STALKING è un termine mutuato dall’inglese, e significa letteralmente “fare la posta”. Si tratta di un fenomeno trans-culturale che costituisce reato in molti Paesi. In Italia le condotte tipiche dello stalking sono punite come “atti persecutori”. L’art. 612-bis c.p. è stato introdotto il 23 aprile 2009 con la conversione in legge del D.L. 23 febbraio 2009. Al comma 1 recita: «Salvo che il fatto costituisca più grave reato, è punito con la reclusione da sei mesi a quattro anni chiunque, con condotte reiterate, minaccia o molesta taluno in modo da cagionare un perdurante e grave stato di ansia o di paura ovvero da ingenerare un fondato timore per l’incolumità propria o di un prossimo congiunto o di persona al medesimo legata da relazione affettiva ovvero da costringere lo stesso ad alterare le proprie abitudini di vita>>.

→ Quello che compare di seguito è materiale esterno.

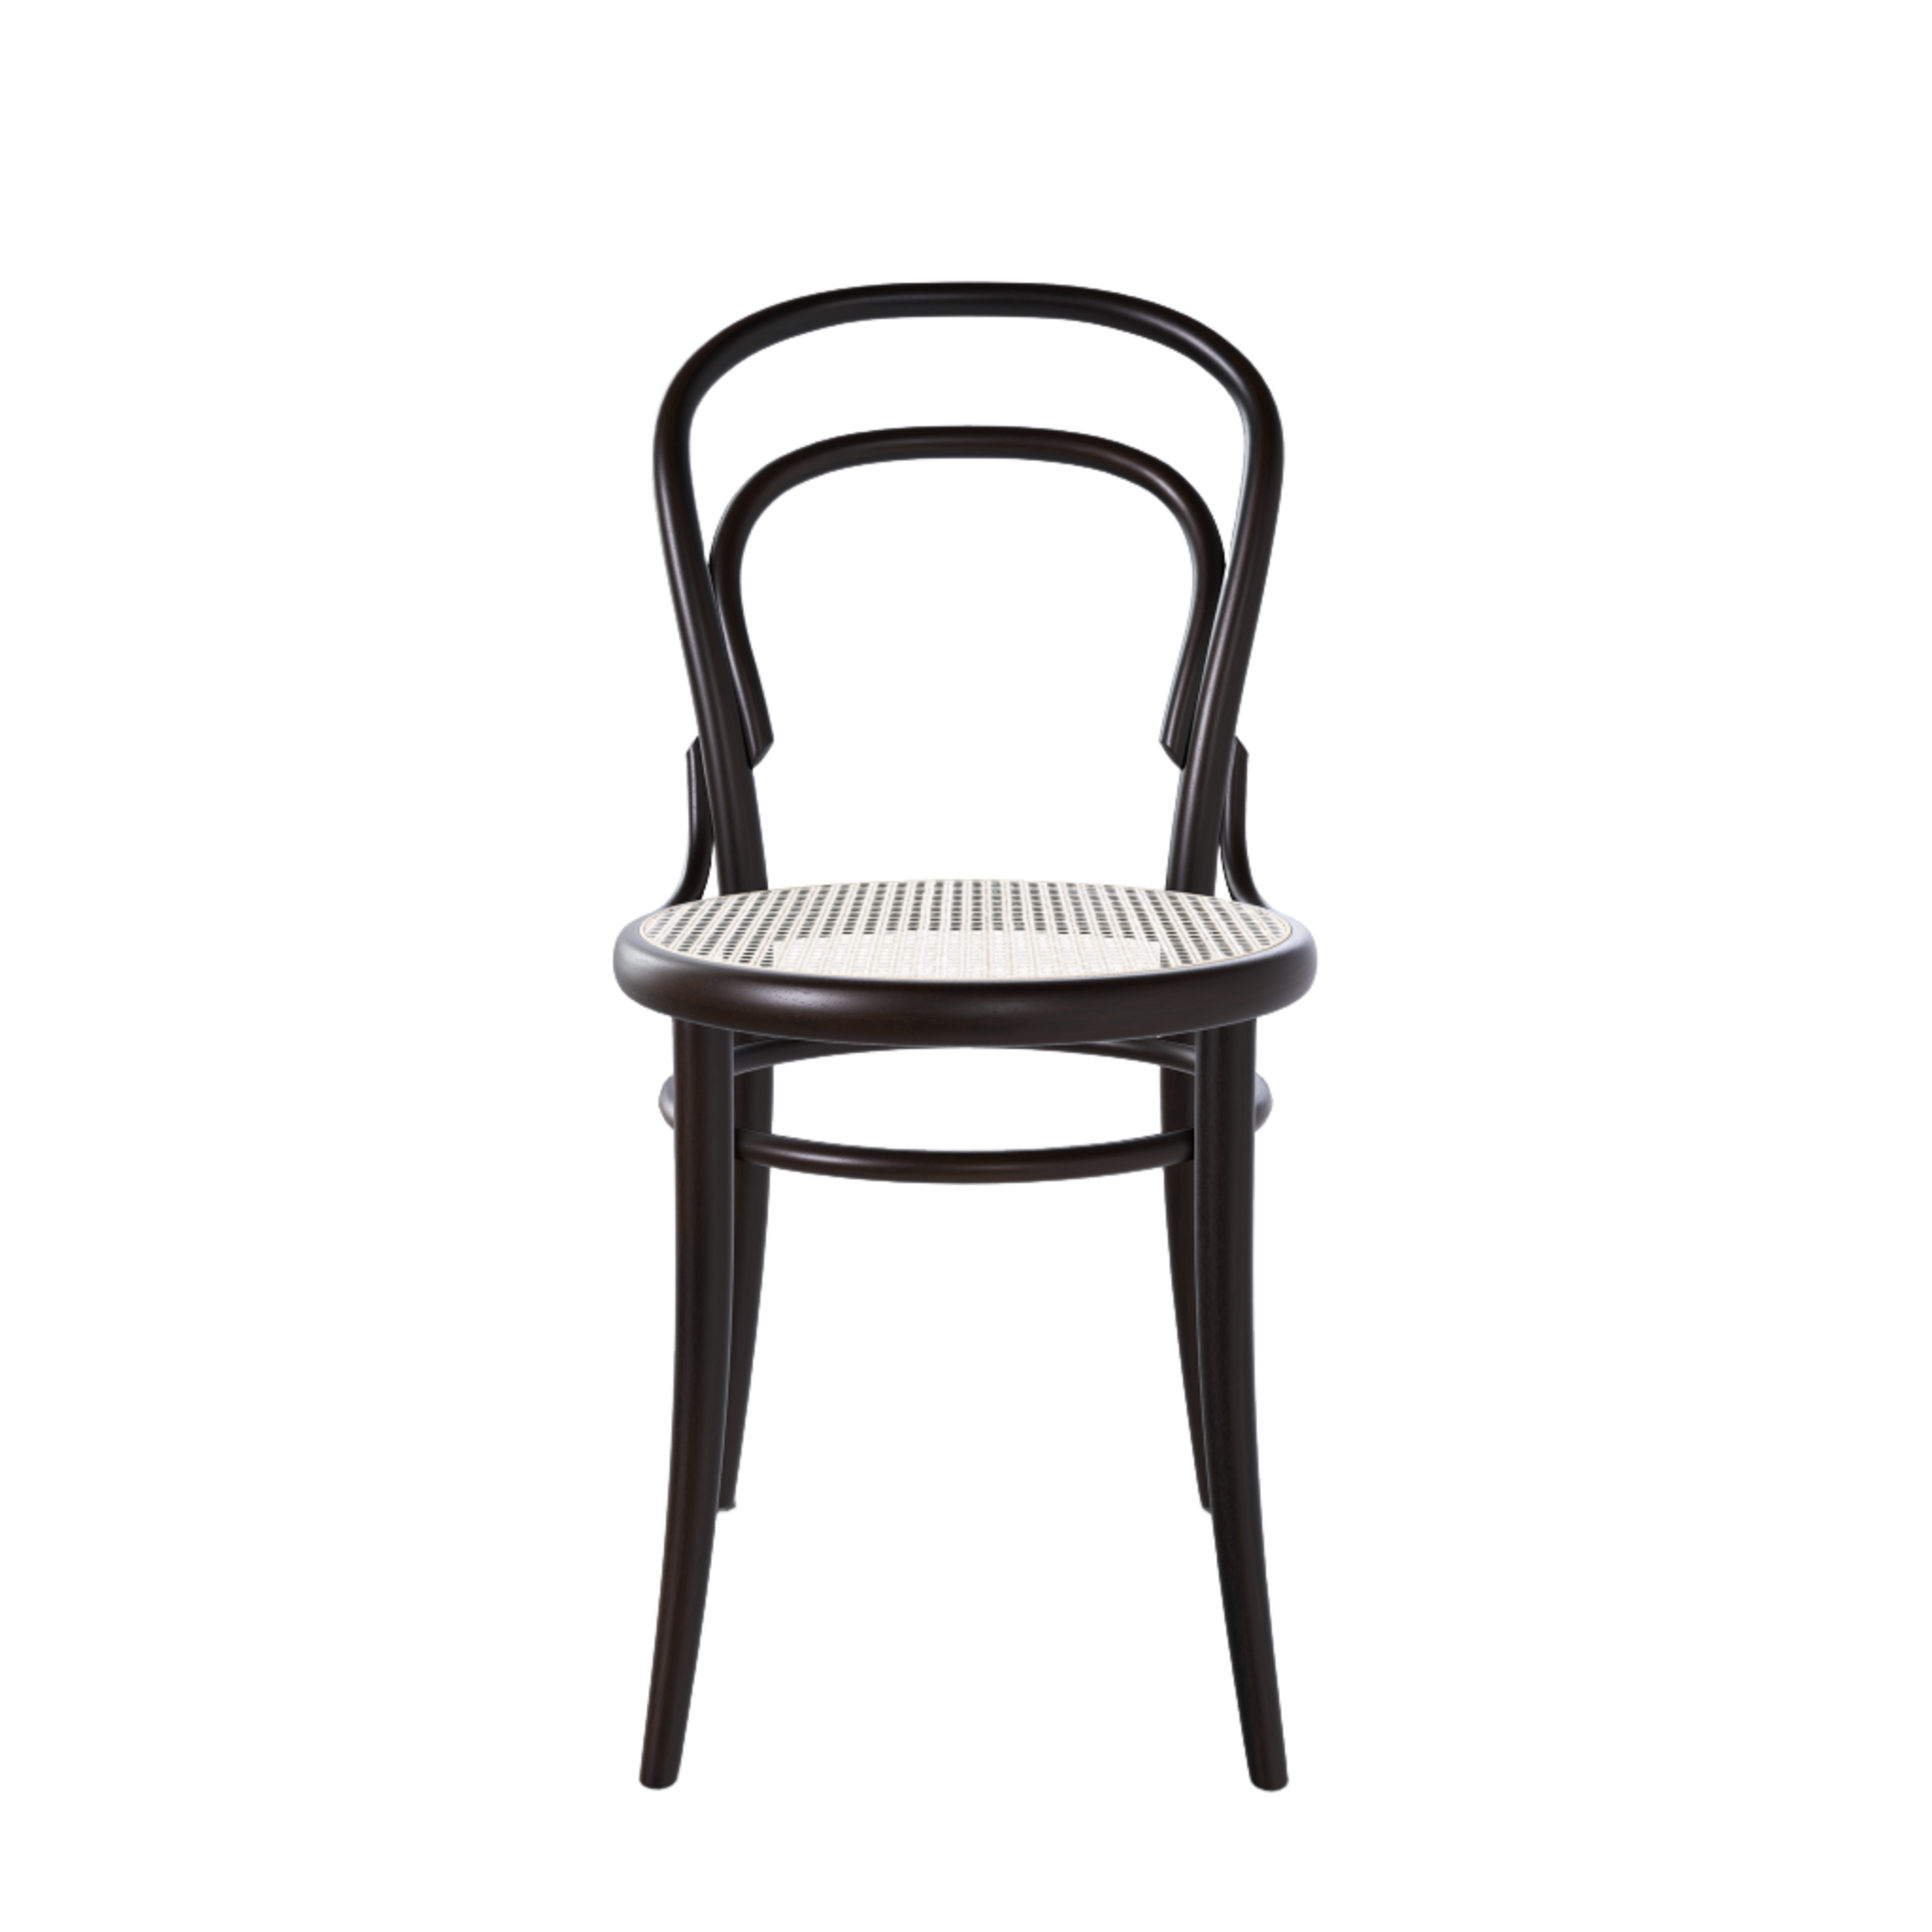 Ton 14 Dining Chair with cane seat in coffee

Curci e Galeazzi (2002) parlano di “sindrome” dello stalking costituita da: un attore (lo stolker) che individui una persona nei cui confronti sviluppare un intensa polarizzazione ideo-affettiva; una serie ripetuta di comportamenti con caratteristiche intrusive di sorveglianza, contatto e/o di comunicazione; la vittima dello stalking che percepisca soggettivamente come intrusivi, intensi e sgraditi tali comportamenti, avvertendoli in associazione con senso di angoscia, paura e minaccia.
Meloy e il suo gruppo, operativi in ambito psichiatrico forense a San Diego hanno adottato due definizioni di stalking: : quella di “erotomania non delirante o borderline” e quella di “inseguitori ossessivi”.
Nel primo caso – erotomania borderline – le molestie persistenti nei confronti della vittima – con la quale normalmente lo stalker ha avuto una relazione sentimentale – configurerebbero un tentativo di difesa dalla ferita narcisistica suscitata dall’abbandono. Nel secondo caso – inseguitori ossessivi – le ossessioni rappresenterebbero l’elemento fondamentale che spinge lo stalker ad atti caratteristici come pedinare, spiare, seguire, aggirarsi attorno alla vittima.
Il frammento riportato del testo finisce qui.